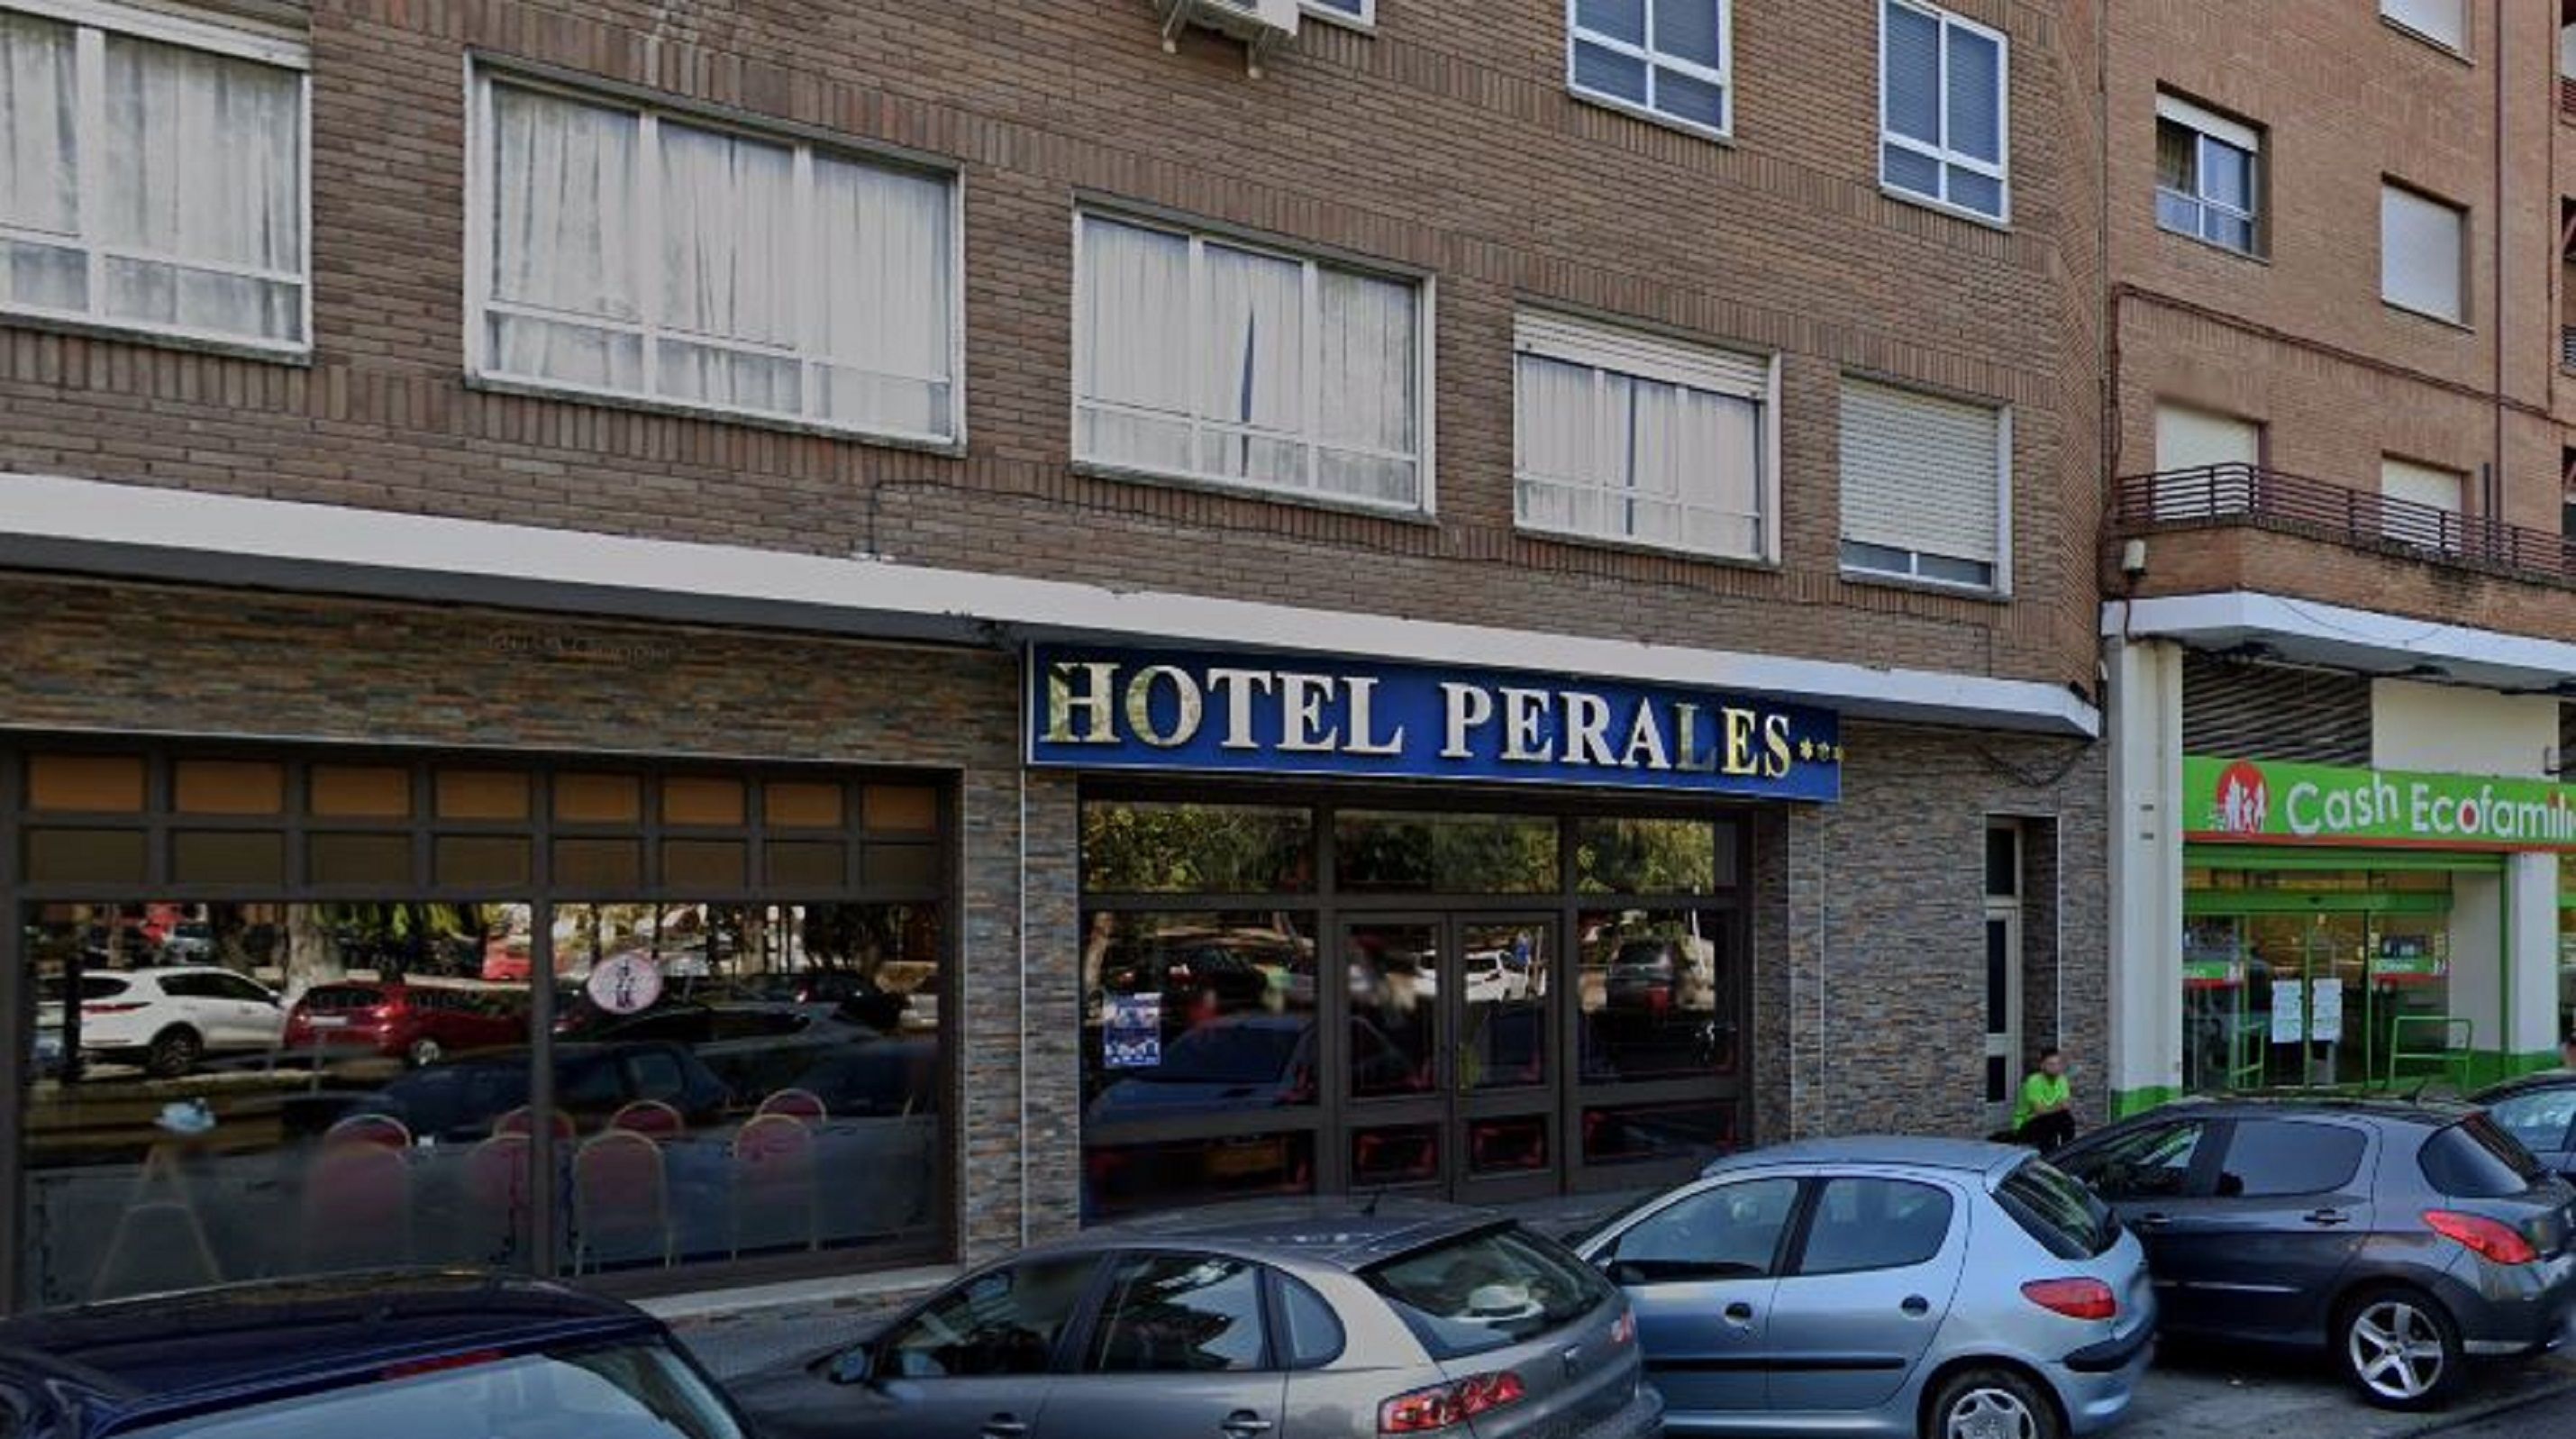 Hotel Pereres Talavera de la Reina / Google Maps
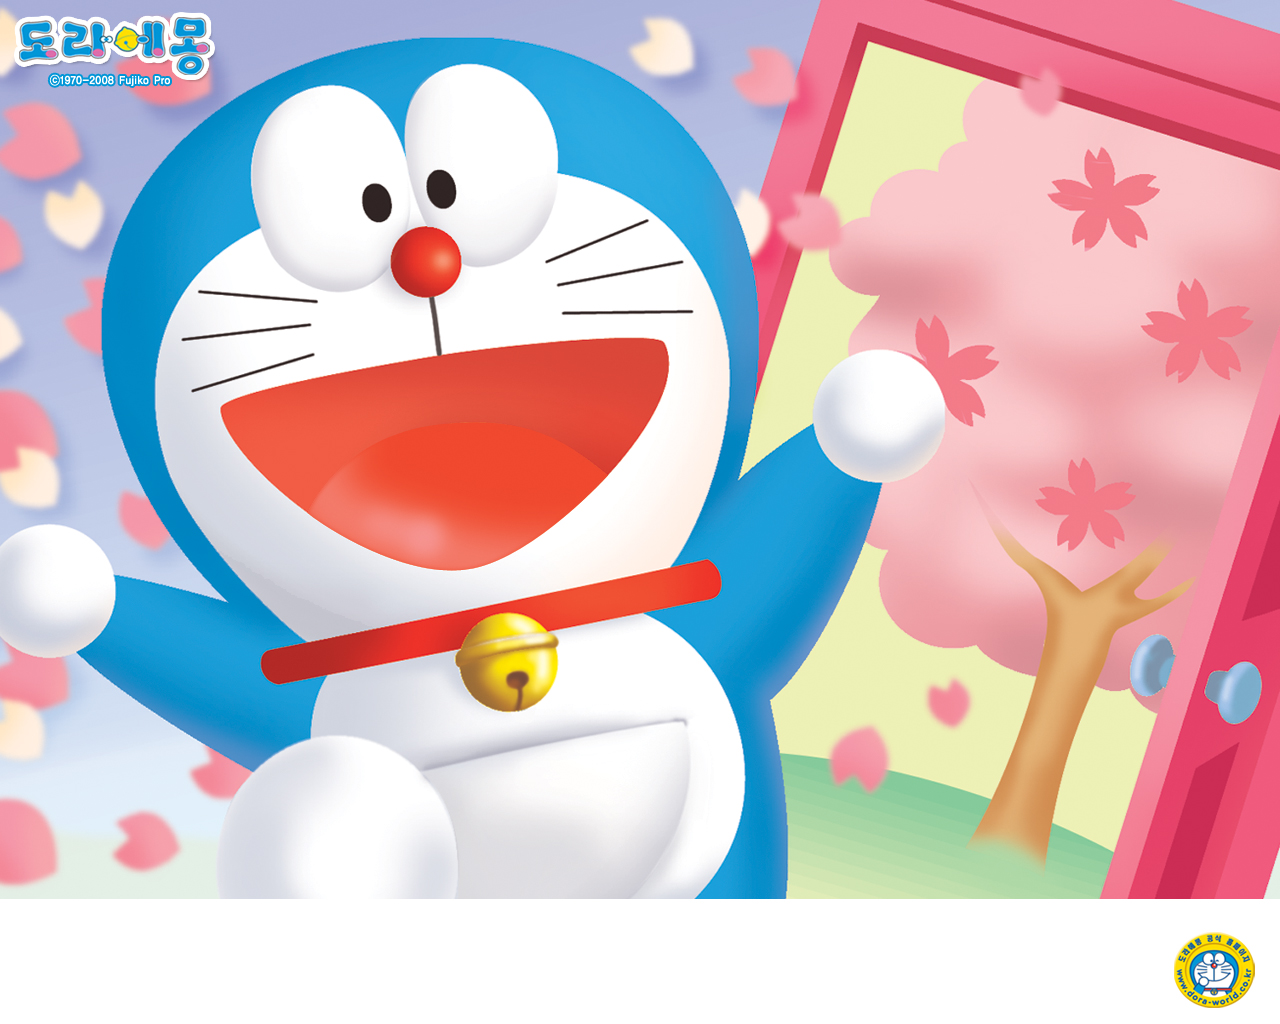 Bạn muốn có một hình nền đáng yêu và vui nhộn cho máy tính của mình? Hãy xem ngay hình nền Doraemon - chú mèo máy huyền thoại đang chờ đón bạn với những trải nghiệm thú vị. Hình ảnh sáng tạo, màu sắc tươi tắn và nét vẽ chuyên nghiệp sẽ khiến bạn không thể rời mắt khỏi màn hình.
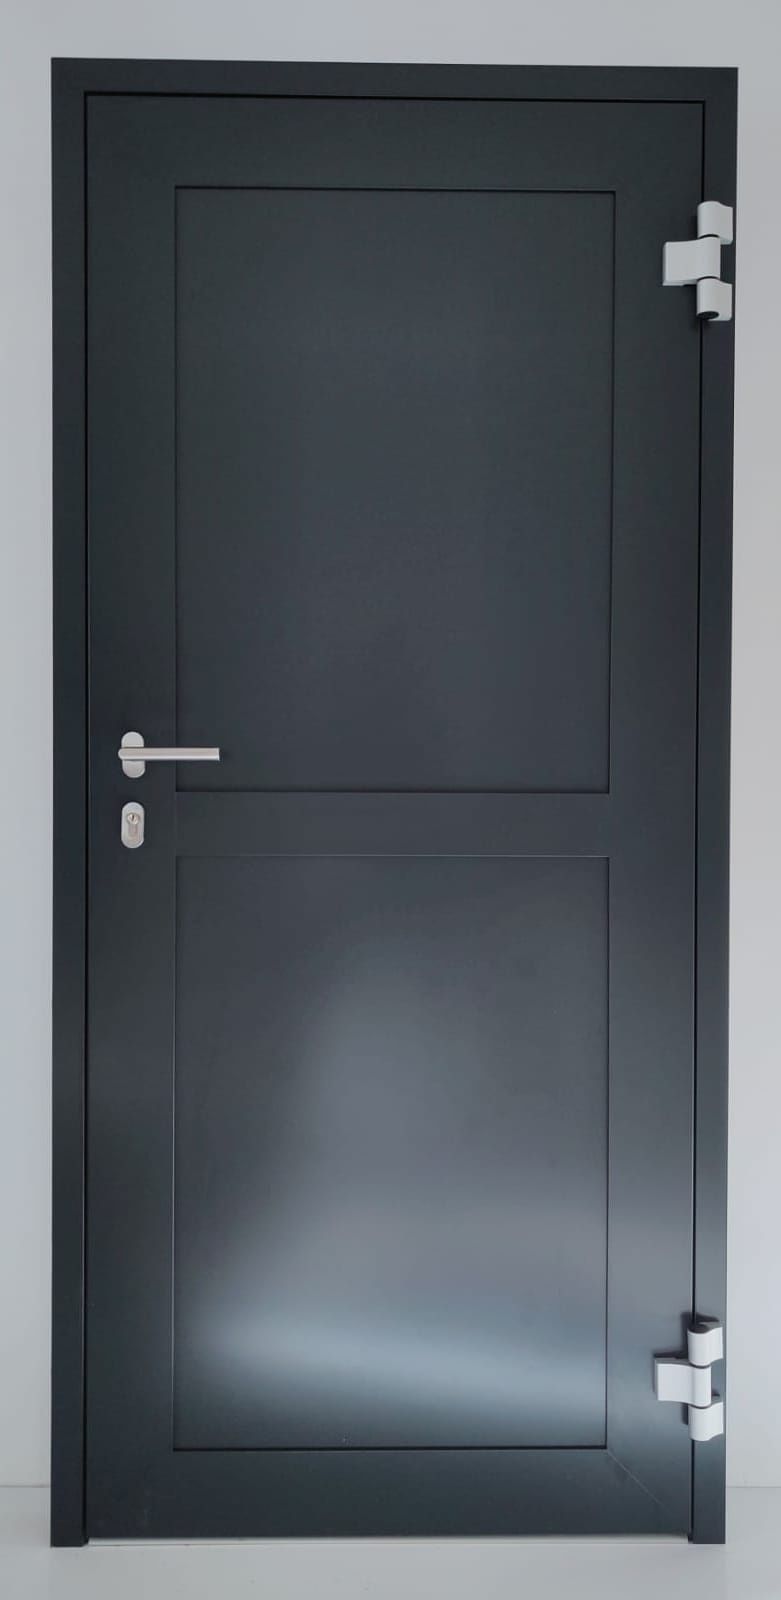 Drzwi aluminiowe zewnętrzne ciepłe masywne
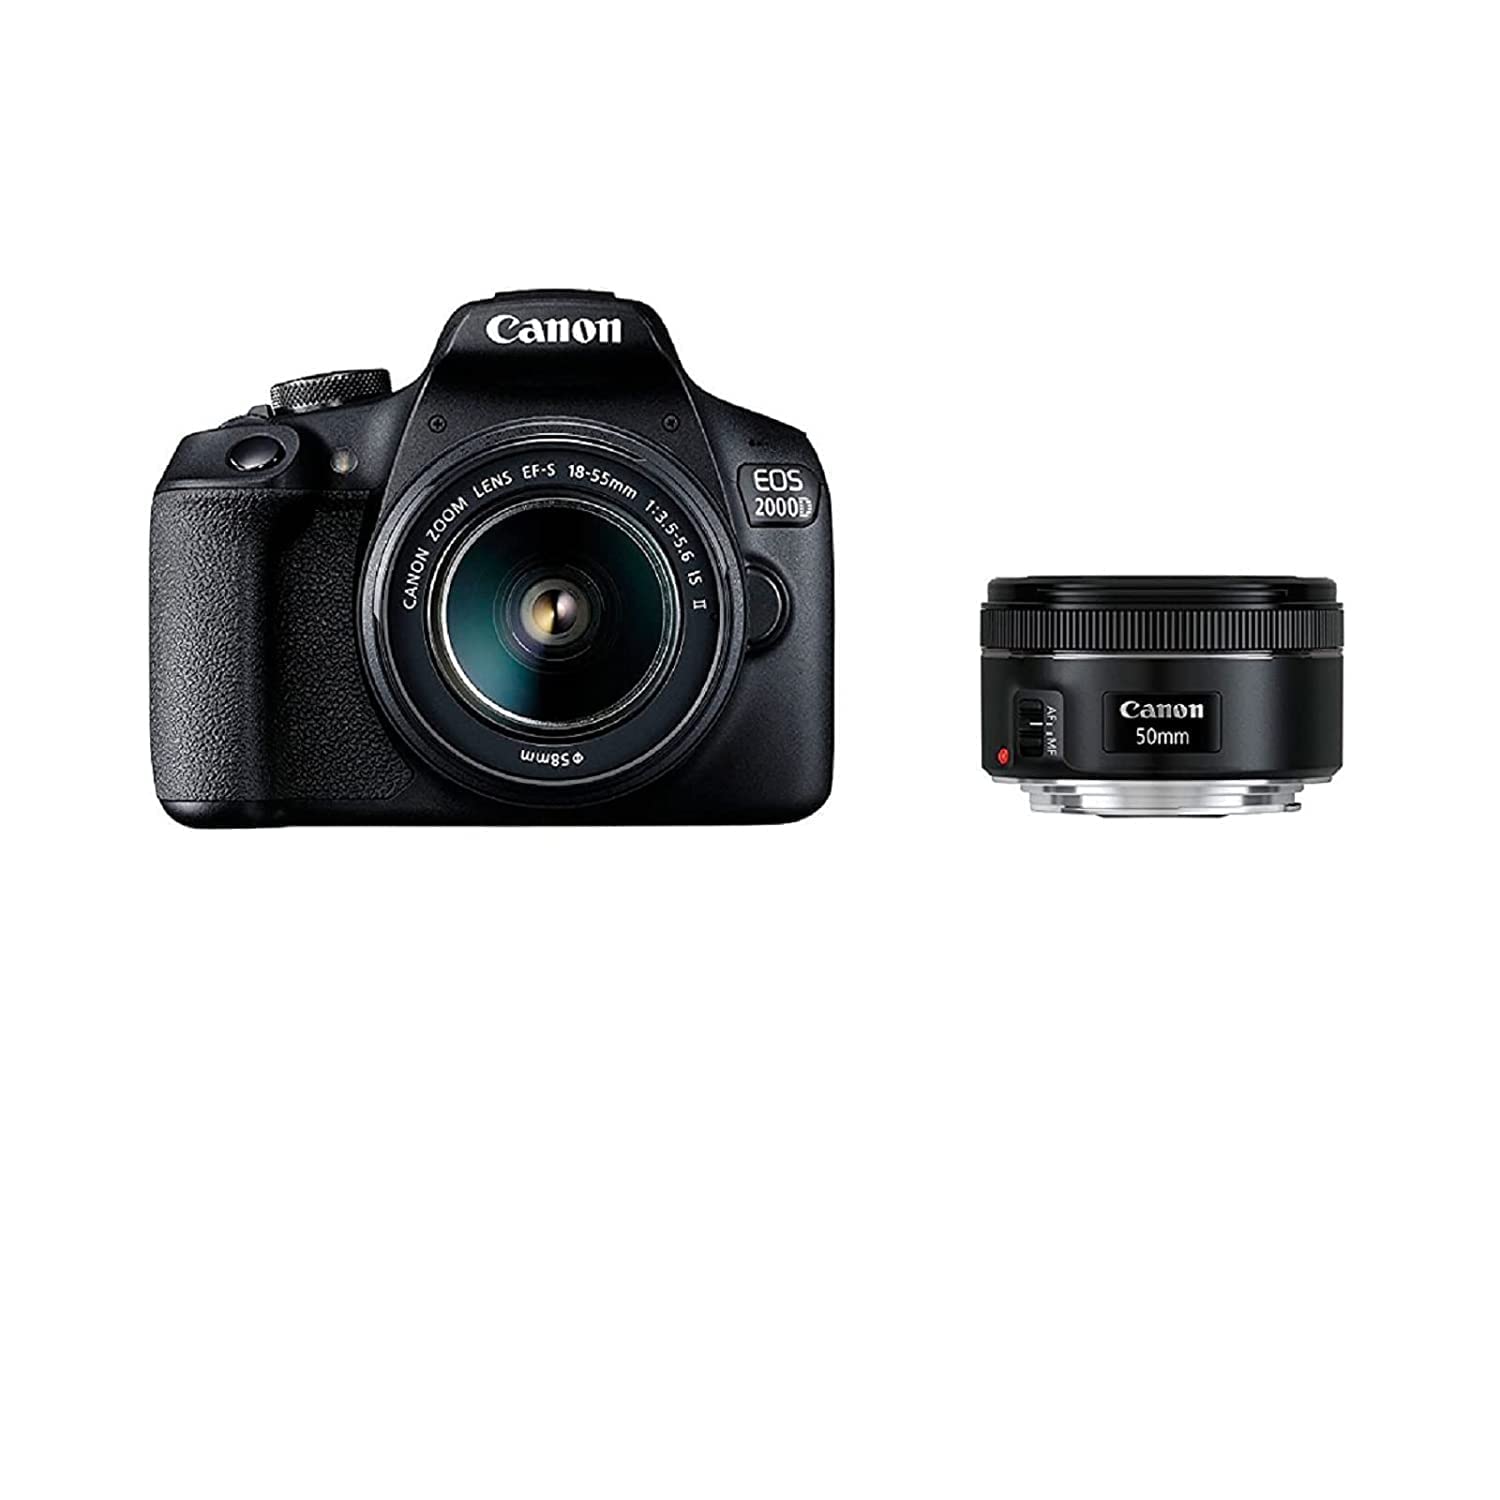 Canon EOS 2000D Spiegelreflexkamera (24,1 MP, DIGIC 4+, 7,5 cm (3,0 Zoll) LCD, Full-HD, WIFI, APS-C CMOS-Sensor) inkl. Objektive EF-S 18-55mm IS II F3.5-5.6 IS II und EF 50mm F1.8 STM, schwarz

* * * * *

▸ **What is expected**: Reproduce the data word for word, excluding its pictures.

▸ **Output**:
 Hotel Pereres Talavera de la Reina / Google Maps
 Bạn muốn có một hình nền đáng yêu và vui nhộn cho máy tính của mình? Hãy xem ngay hình nền Doraemon - chú mèo máy huyền thoại đang chờ đón bạn với những trải nghiệm thú vị. Hình ảnh sáng tạo, màu sắc tươi tắn và nét vẽ chuyên nghiệp sẽ khiến bạn không thể rời mắt khỏi màn hình.
 Drzwi aluminiowe zewnętrzne ciepłe masywne
 Canon EOS 2000D Spiegelreflexkamera (24,1 MP, DIGIC 4+, 7,5 cm (3,0 Zoll) LCD, Full-HD, WIFI, APS-C CMOS-Sensor) inkl. Objektive EF-S 18-55mm IS II F3.5-5.6 IS II und EF 50mm F1.8 STM, schwarz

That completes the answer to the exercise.